The two law students, who were anonymous as the plaintiffs in the Connecticut suit, were named in the Pennsylvania case.

“There was no real big secret about who they were,” Randazza said.

Unlike the original suit, Ciolli’s complaint contains nothing that would be considered scandalous or would justify withholding the students’ names, Jakubik said.

“When folks engage in the kind of conduct that is outlined in the complaint, I’m not sure they should be given the cloak of anonymity,” he said.

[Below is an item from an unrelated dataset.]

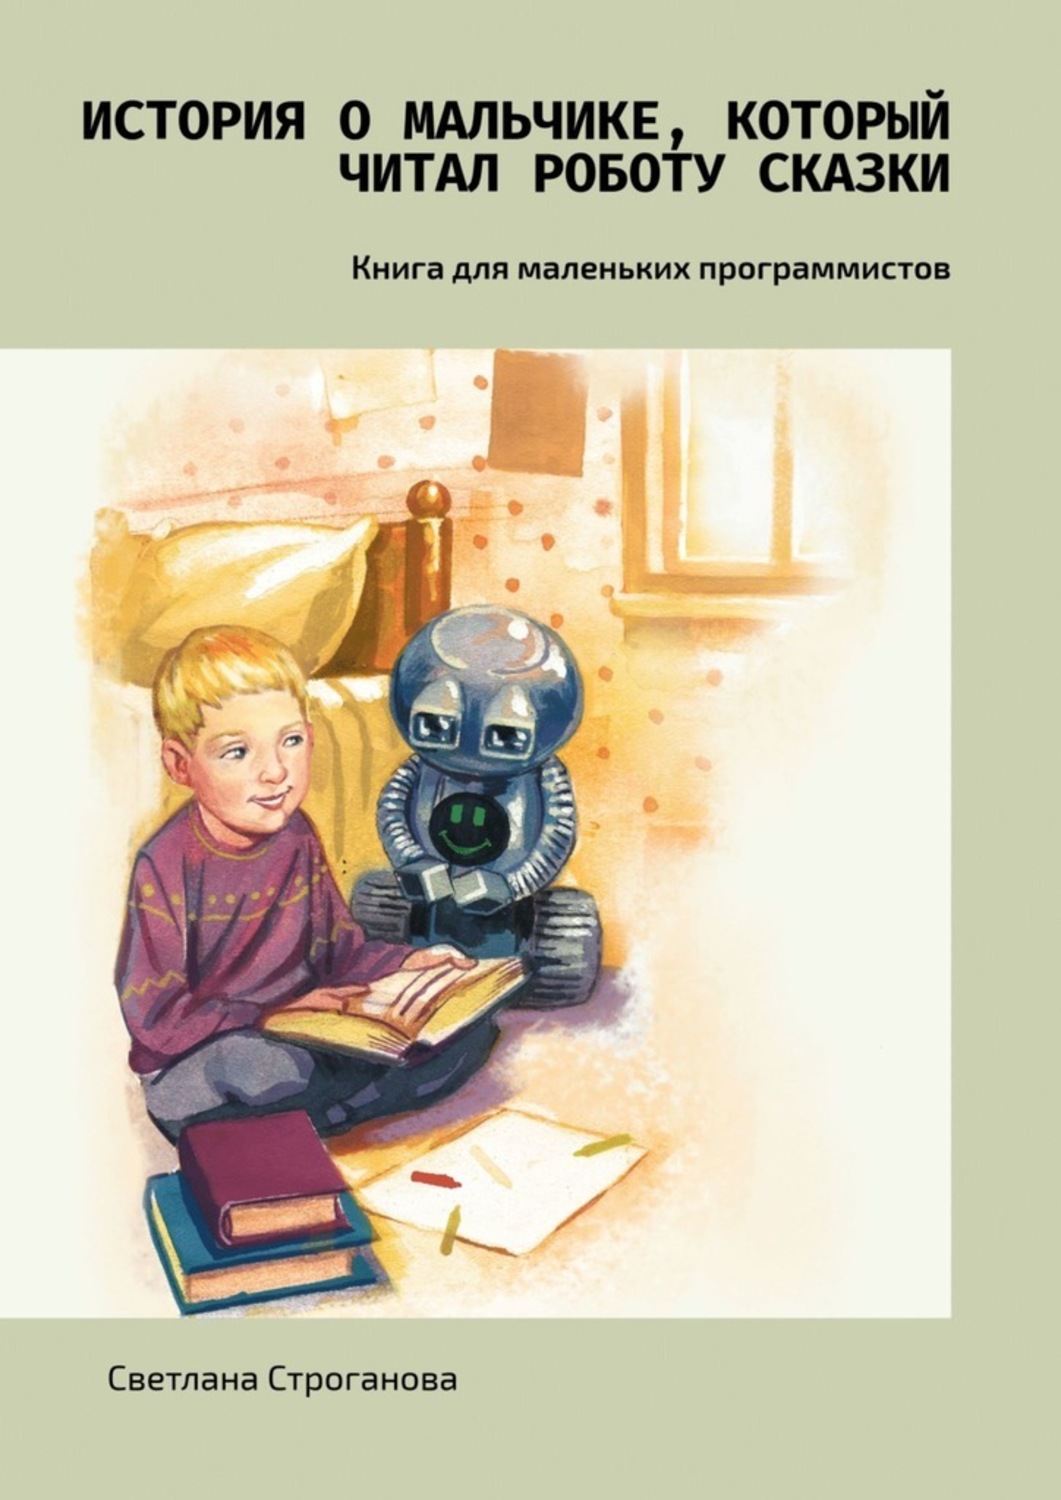 Читать про робота. Рассказ про робота для детей. Сказка про робота читать. История роботов книга. Сказка про робота для детей.

    I would be very interested to know whether Mr. Ciolli filed and argued a Rule 11 motion in the Federal District Court action. If it had been filed, was it dropped or was it unsuccessful -- if sanctions issued on the basis of such a Rule 11 motion the press might tell us. A successful Rule 11 motion would mean that the Federal Judge found that the claims in the complaint in the District Court action were meritless. A failure to prevail on such a motion might be construed as evidence of the opposite. Failure to file such a motion might be argued to be an indication the particular defendant in that action did not find any harm worth Complaining about. And note that the sequence of events here relative to the alleged action by the law firm who supposedly rescinded their offer is arguably not crucial, rather it might be argued that a defect in the pleadings such as the presence of falsehoods (were the facts set forth "on information and belief") should have been apparent ab initio to the defendant, who presumably would be best situated among the parties to make such assessment.

  • Anonymous

    comment above is incomprehensible.

    It might be construed as evidence of the opposite? What an insight, and yet not how the legal system works. Failure does not prove the null.


    Dear anonymous
    To speak in your pidgin: "comment above is incoherent."
    So re your "comment above is incomprehensible." (I'll look on that as an admission of sorts.) And you would claim the following "statement" somehow is? "What an insight, and yet not how the legal system works."
    How does it work pray tell oh sagacious one? Well?
    Can you understand "Failure does not prove the null," and "might be construed" are consonant?
    Your string of fortune cookie pronouncements make it plain that you have no idea whatsoever how the "legal system works." Or do you actually believe you can somehow determine to a certainty the outcome of a Judge's decision or even what a Judge might find relevant to a determination?
    The real question is why I would bother even posing those questions to you, for the answer is clear…
    All is not lost, however -- at least you gave me a good laugh.

  • Marc J. Randazza

    Excellent article.

    Why is it that student journalists seem to write balanced and accurate articles about this case, yet "professional" journalists seem to screw the whole thing up?

    If anything, you'd think that a Yale paper would be biased toward the Yale students. I haven't seen one whiff of that kind of integrity from this paper.

    Kudos. If only the AP and the WaPo had such ethics and professionalism.